• What to do: Only one span belongs in the answer: the line holding "彩色手绘麦克风k歌派对海报背景素材" through the last line of the entries below, retyped exactly.

BEGIN

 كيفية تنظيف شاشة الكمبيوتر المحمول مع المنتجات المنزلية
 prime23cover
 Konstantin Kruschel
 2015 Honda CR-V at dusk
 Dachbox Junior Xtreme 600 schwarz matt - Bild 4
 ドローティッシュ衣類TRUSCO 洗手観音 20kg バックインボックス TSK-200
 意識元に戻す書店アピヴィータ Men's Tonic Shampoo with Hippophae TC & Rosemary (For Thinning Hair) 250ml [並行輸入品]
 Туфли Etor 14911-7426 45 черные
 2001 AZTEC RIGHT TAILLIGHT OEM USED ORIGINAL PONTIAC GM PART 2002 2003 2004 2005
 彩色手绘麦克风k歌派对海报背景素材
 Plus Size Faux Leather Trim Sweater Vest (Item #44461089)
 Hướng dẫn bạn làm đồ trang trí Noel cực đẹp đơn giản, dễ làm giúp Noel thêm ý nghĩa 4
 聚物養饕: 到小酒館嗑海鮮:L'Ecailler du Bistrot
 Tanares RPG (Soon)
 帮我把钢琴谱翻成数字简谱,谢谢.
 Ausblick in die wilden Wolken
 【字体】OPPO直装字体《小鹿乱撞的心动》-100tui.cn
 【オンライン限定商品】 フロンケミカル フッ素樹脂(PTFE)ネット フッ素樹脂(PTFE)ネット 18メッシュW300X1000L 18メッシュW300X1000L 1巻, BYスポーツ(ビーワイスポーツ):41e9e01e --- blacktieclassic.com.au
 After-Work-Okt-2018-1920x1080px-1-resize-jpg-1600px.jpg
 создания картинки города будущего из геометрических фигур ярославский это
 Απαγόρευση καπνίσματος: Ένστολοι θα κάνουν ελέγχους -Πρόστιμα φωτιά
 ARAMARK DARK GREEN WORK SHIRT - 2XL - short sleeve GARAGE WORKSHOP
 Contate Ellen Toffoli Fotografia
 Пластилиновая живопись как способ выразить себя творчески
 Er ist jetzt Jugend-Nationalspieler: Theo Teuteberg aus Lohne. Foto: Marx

END

• Written solution:
 彩色手绘麦克风k歌派对海报背景素材
 Plus Size Faux Leather Trim Sweater Vest (Item #44461089)
 Hướng dẫn bạn làm đồ trang trí Noel cực đẹp đơn giản, dễ làm giúp Noel thêm ý nghĩa 4
 聚物養饕: 到小酒館嗑海鮮:L'Ecailler du Bistrot
 Tanares RPG (Soon)
 帮我把钢琴谱翻成数字简谱,谢谢.
 Ausblick in die wilden Wolken
 【字体】OPPO直装字体《小鹿乱撞的心动》-100tui.cn
 【オンライン限定商品】 フロンケミカル フッ素樹脂(PTFE)ネット フッ素樹脂(PTFE)ネット 18メッシュW300X1000L 18メッシュW300X1000L 1巻, BYスポーツ(ビーワイスポーツ):41e9e01e --- blacktieclassic.com.au
 After-Work-Okt-2018-1920x1080px-1-resize-jpg-1600px.jpg
 создания картинки города будущего из геометрических фигур ярославский это
 Απαγόρευση καπνίσματος: Ένστολοι θα κάνουν ελέγχους -Πρόστιμα φωτιά
 ARAMARK DARK GREEN WORK SHIRT - 2XL - short sleeve GARAGE WORKSHOP
 Contate Ellen Toffoli Fotografia
 Пластилиновая живопись как способ выразить себя творчески
 Er ist jetzt Jugend-Nationalspieler: Theo Teuteberg aus Lohne. Foto: Marx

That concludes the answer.